Trump has also turned his attention to US monetary authorities, expressing a desire for greater influence over Federal Reserve leadership and its decision-making. His stance is reflected in remarks made on January 23, stating, “I think I know interest rates much better than they do, and I think I know it certainly much better than the one who’s primarily in charge of making that decision.” At Davos, he reinforced this position, declaring, “With oil prices going down, I’ll demand that interest rates drop immediately. And likewise, they should be dropping all over the world. Interest rates should follow us.” The president’s call for an accelerated easing cycle is unconventional and potentially inflationary amid some critics arguing the Fed has already been too quick to cut rates. Questioning the credibility of your central bank is usually seen to be counter-productive to be ability of the institution to manage expectations.

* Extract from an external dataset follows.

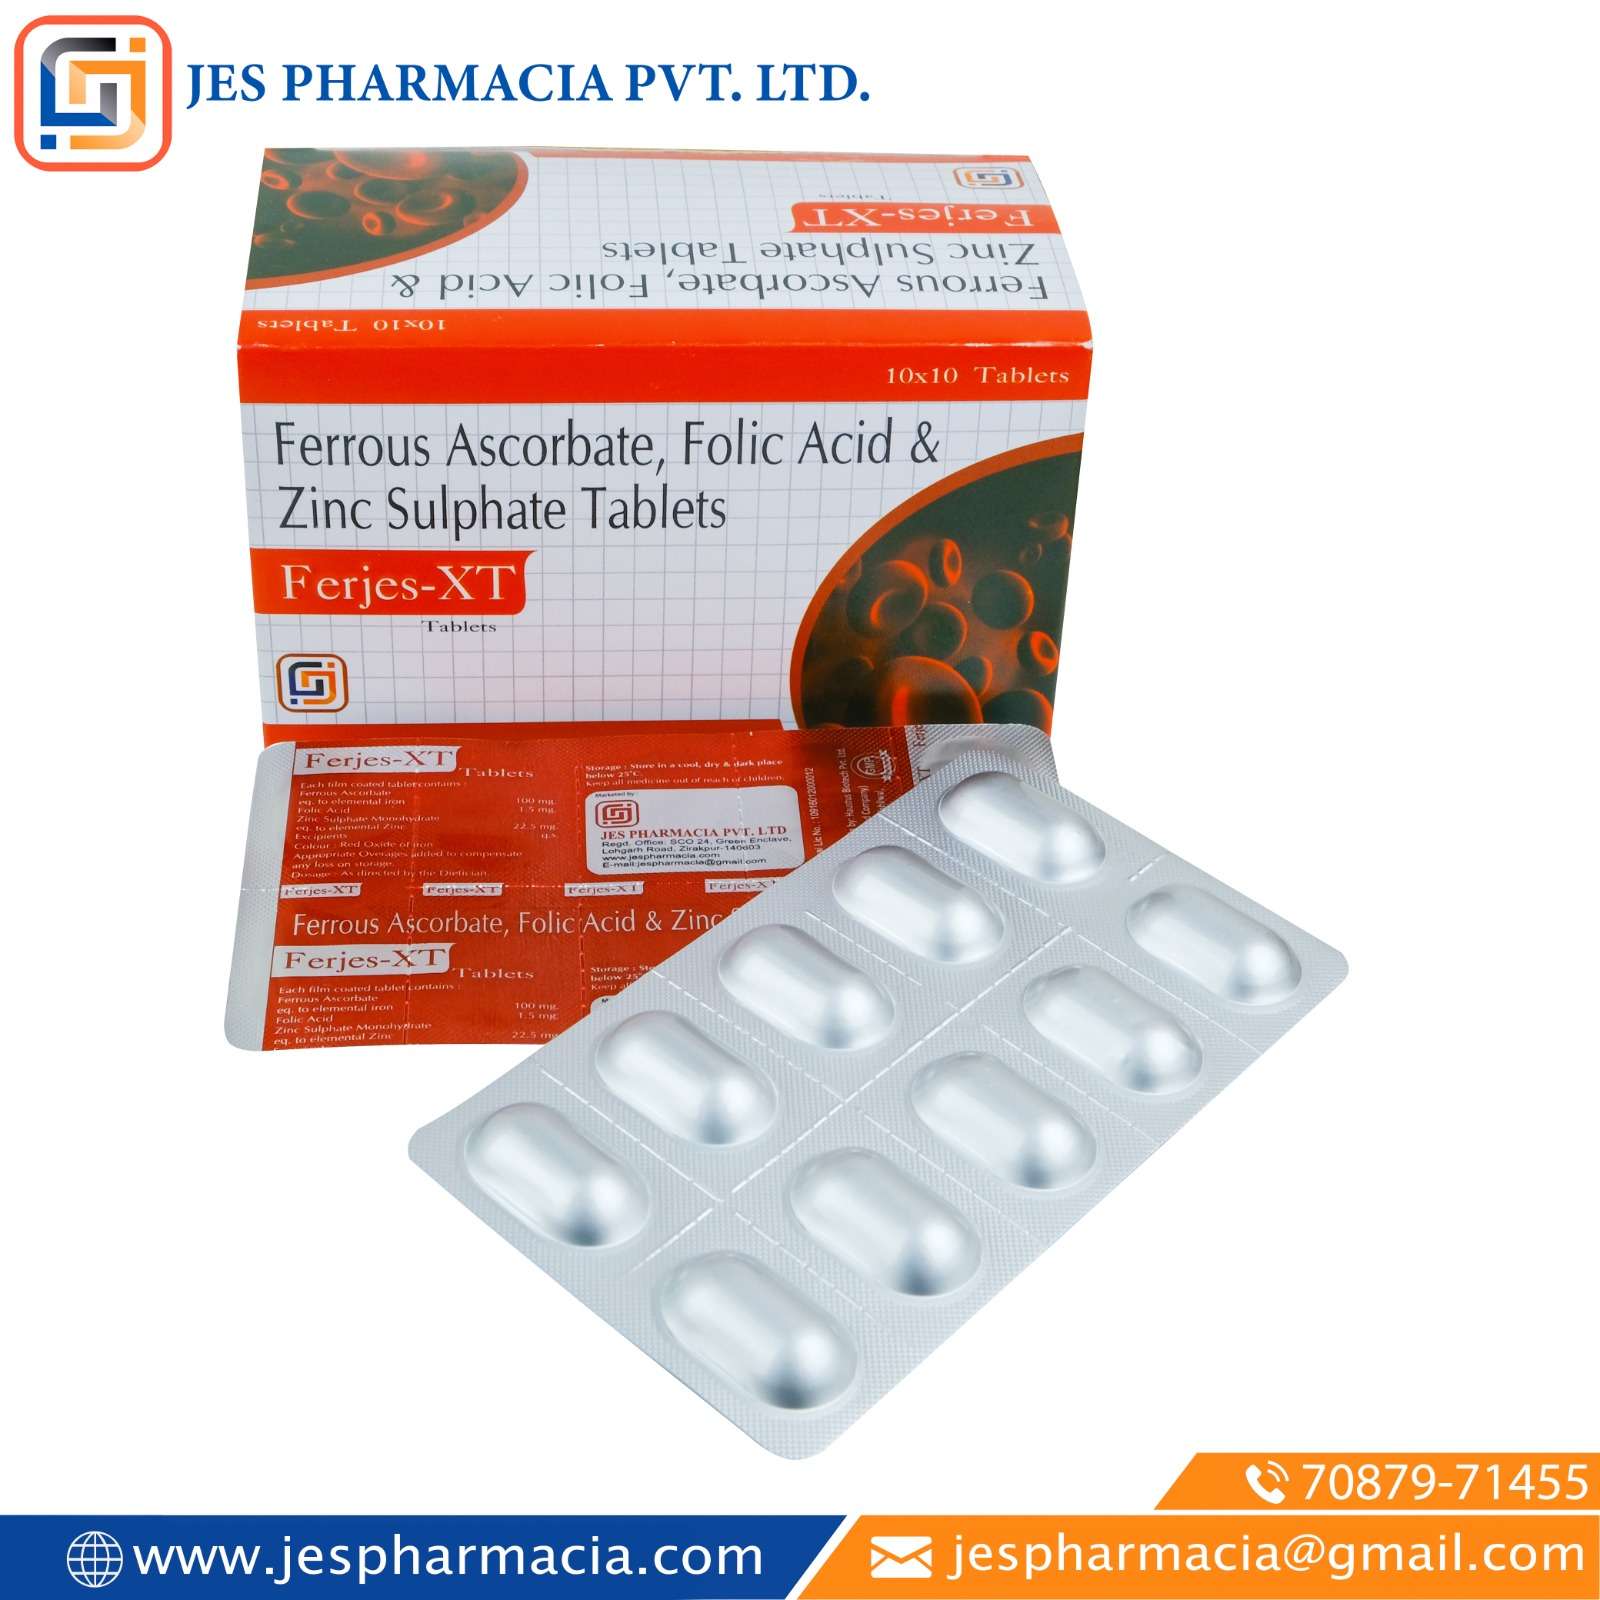 ferrousbis-glycinate 95 mg + folic acid 300 mcg + zinc sulphate 12 mg + cyanocobalamin 1 mcg tab

Finally, although its expressed purpose is not inflation reduction, Trump’s trade policies are highly relevant to the inflation discussion. During the recent 24-hour trade war, Trump threatened Canada and Mexico - the United States’ largest trading partners – with a 25% duty on all goods. He subsequently paused these tariffs for 30 days following agreements with both countries to enhance border security and combat drug trafficking, but implemented a 10% tariff on Chinese goods. The implementation of US tariffs is expected to increase domestic inflation and lead to tighter monetary policy than otherwise, and so unsurprisingly pushed yields higher. In contrast, outside the US, investors responded to fears of slower global growth stemming from these protectionist measures by purchasing Canadian, British, and EZ bonds, leading to a decline in yields.

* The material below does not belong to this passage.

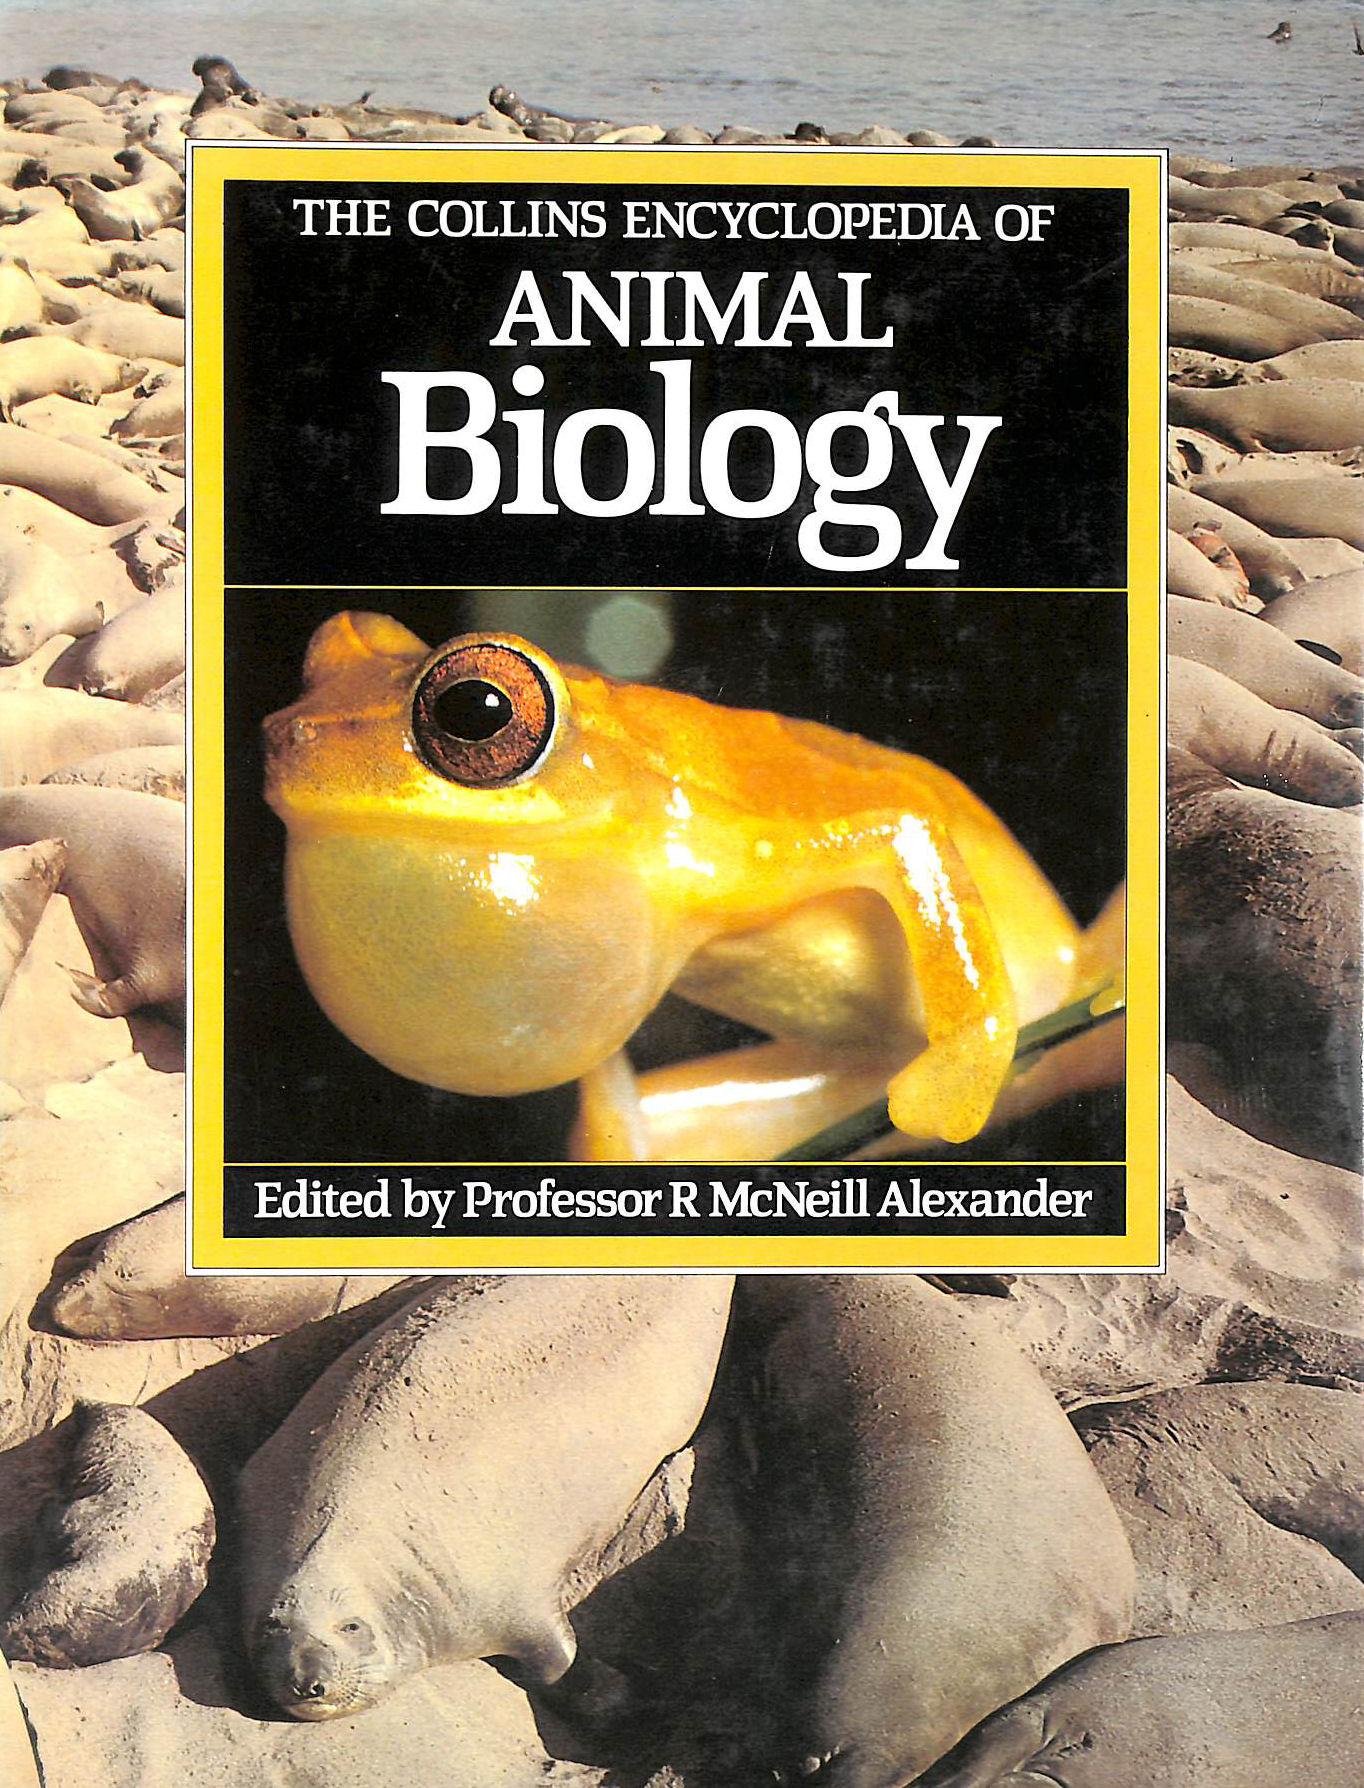 ALEXANDER, R.MCNEILL [EDITOR] - Encyclopaedia of Animal Biology (Animal Encyclopaedia S.)

The US administration has threatened additional tariffs against major countries and trading blocs, including the EU, ASEAN, and other BRICS nations. If US inflation rises because of tariffs, prompting a firmer monetary policy from the Federal Reserve, the dollar may continue to strengthen. In this scenario, imports from the US would become more expensive, potentially increasing the general price level in the UK and other countries. While Trump has repeatedly expressed a desire to devalue the dollar, which would make U.S. goods relatively less expensive abroad, it is difficult to see this happening, as many of Trump’s policies, such as tax cuts – which could stimulate US growth and necessitate tighter monetary policy – and tariffs, are likely to sustain or even strengthen the dollar’s position.
The policies discussed in this article are by no means exhaustive, and inflation could also be shaped by tax cuts, increased government spending, deportation of undocumented immigrants, or other as-yet unreleased policies. We’ll have to wait and see whether Trump’s policies do ease inflationary pressure, or whether, as feared, the combination of his favoured policies lead to rising inflation.